As an example, consider the Klein-Gordon equation: $$(\partial_t^2 - \Delta + m^2)\psi = 0. \tag{1}$$ In physics one usually starts with an ansantz of plane wave solutions so begin by writing $\psi$ as an inverse Fourier transform: $$\psi(x,t) = \int \frac{1}{(2\pi)^3} e^{ip\cdot x} \hat{\psi}(p,t) dp. \tag{2}$$ After substituting (2) into (1) one gets $$(\partial_t^2 + \omega_p^2) \hat{\psi} = 0$$ where $\omega_p^2 = p^2 + m^2$. Solving the above with the assumption that $\psi$ must real one gets $$\psi = \frac{1}{(2\pi)^{3/2}} \int A(p)e^{-i(\omega_pt + p\cdot x)} + A^*(-p)e^{i(\omega_p t + p \cdot x)} dp \tag{3}$$ where $A(p)$ is a function and $A^*$ its complex conjugate.
Now in quantum field theory one does what's known as second quantization where the function $A$ above is replaced by an operator, $A \rightarrow \hat{A}$. Thus (3) is now an operator valued: $$\psi = \frac{1}{(2\pi)^{3/2}} \int \hat{A}(p)e^{-i(\omega_pt + p\cdot x)} + \hat{A}^*(-p)e^{i(\omega_p t + p \cdot x)} dp \tag{4}$$ where $\hat{A}^*$ is now the adjoint of $\hat{A}$.

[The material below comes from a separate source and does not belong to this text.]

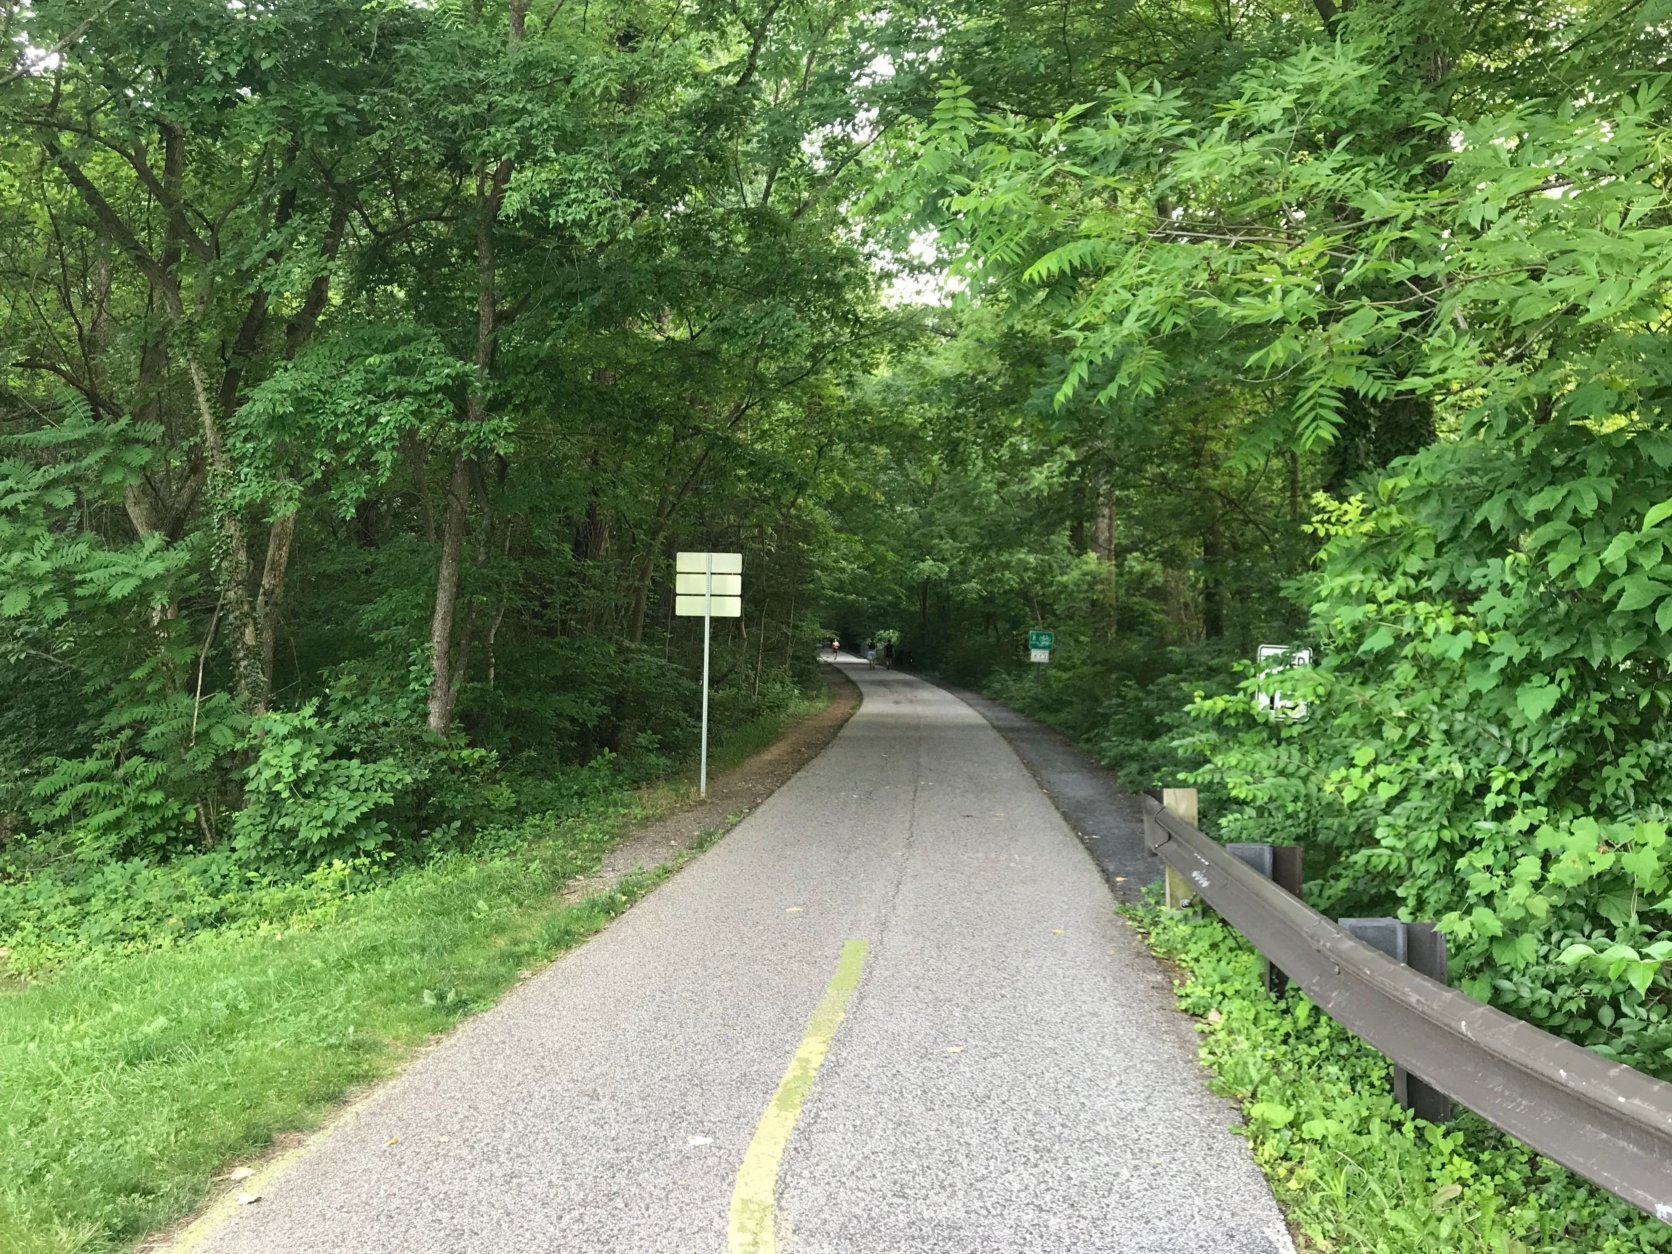 Montgomery County is developing plans aimed at boosting safety on the Capital Crescent Trail  where it crosses Little Falls Parkway in Bethesda. (WTOP/Dick Uliano)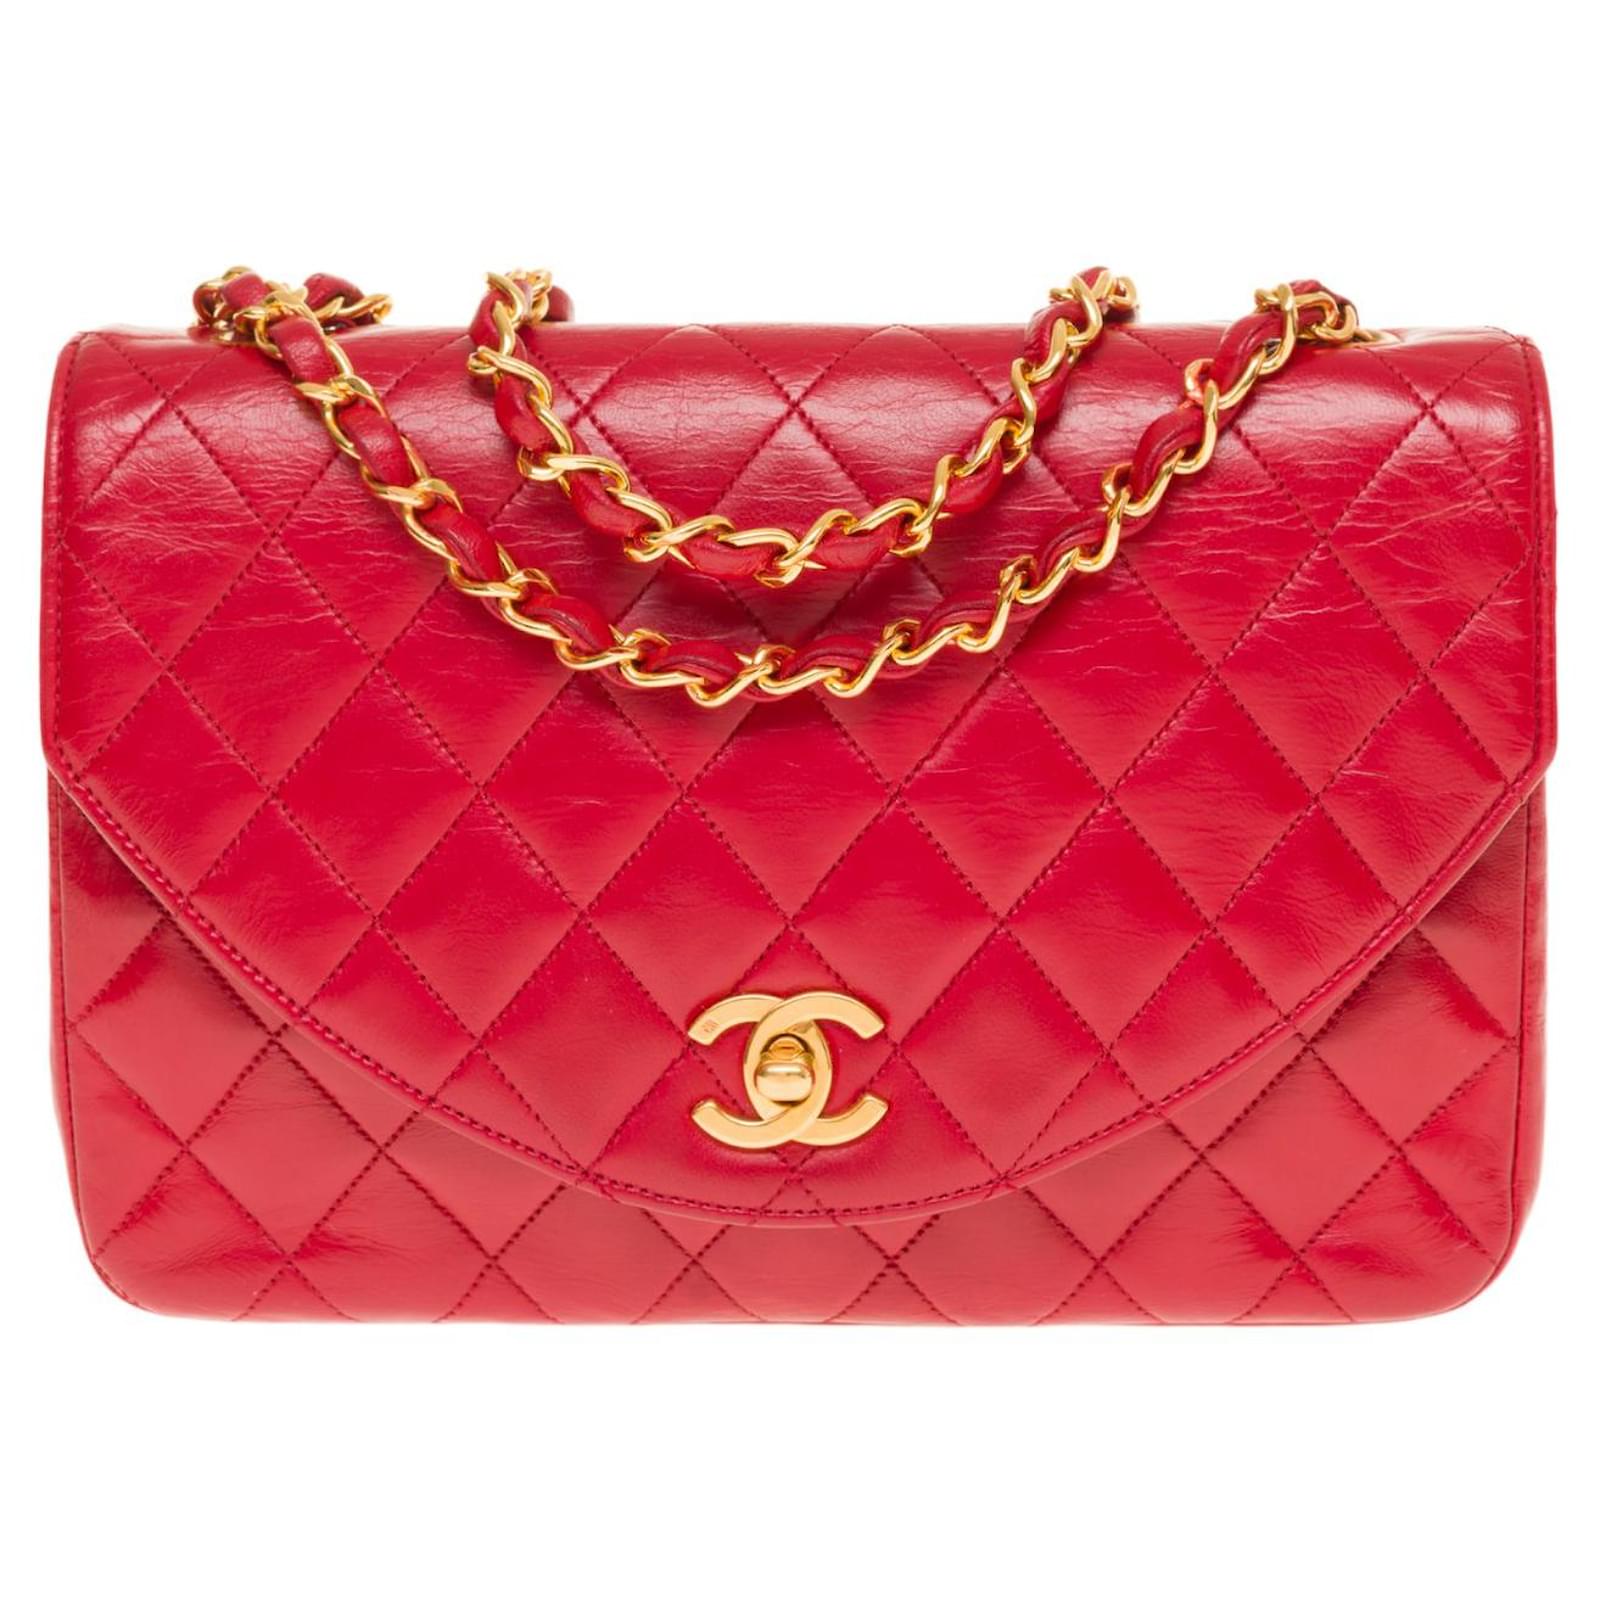 Timeless/classique chain leather backpack Chanel Red in Leather

Expressions like (4) are very common in physics and I am trying to make mathematical sense of them. I am aware that for this all to technically work out $\psi$ actually has to be an operator-valued distribution. But putting that issue aside for now, is there any proper mathematical meaning to (4)? I am only aware of operators being involved with integrals when we use the functional calculus where we have something of the form $$f(A) = \int_{\sigma(A)} f dP$$ where $dP$ is some projection-valued measure and $f$ some nice function. But in (4) we are integrating over all of $\mathbb{R}^n$ with what seems to be the ordinary Lebesgue measure so how can one make sense of it?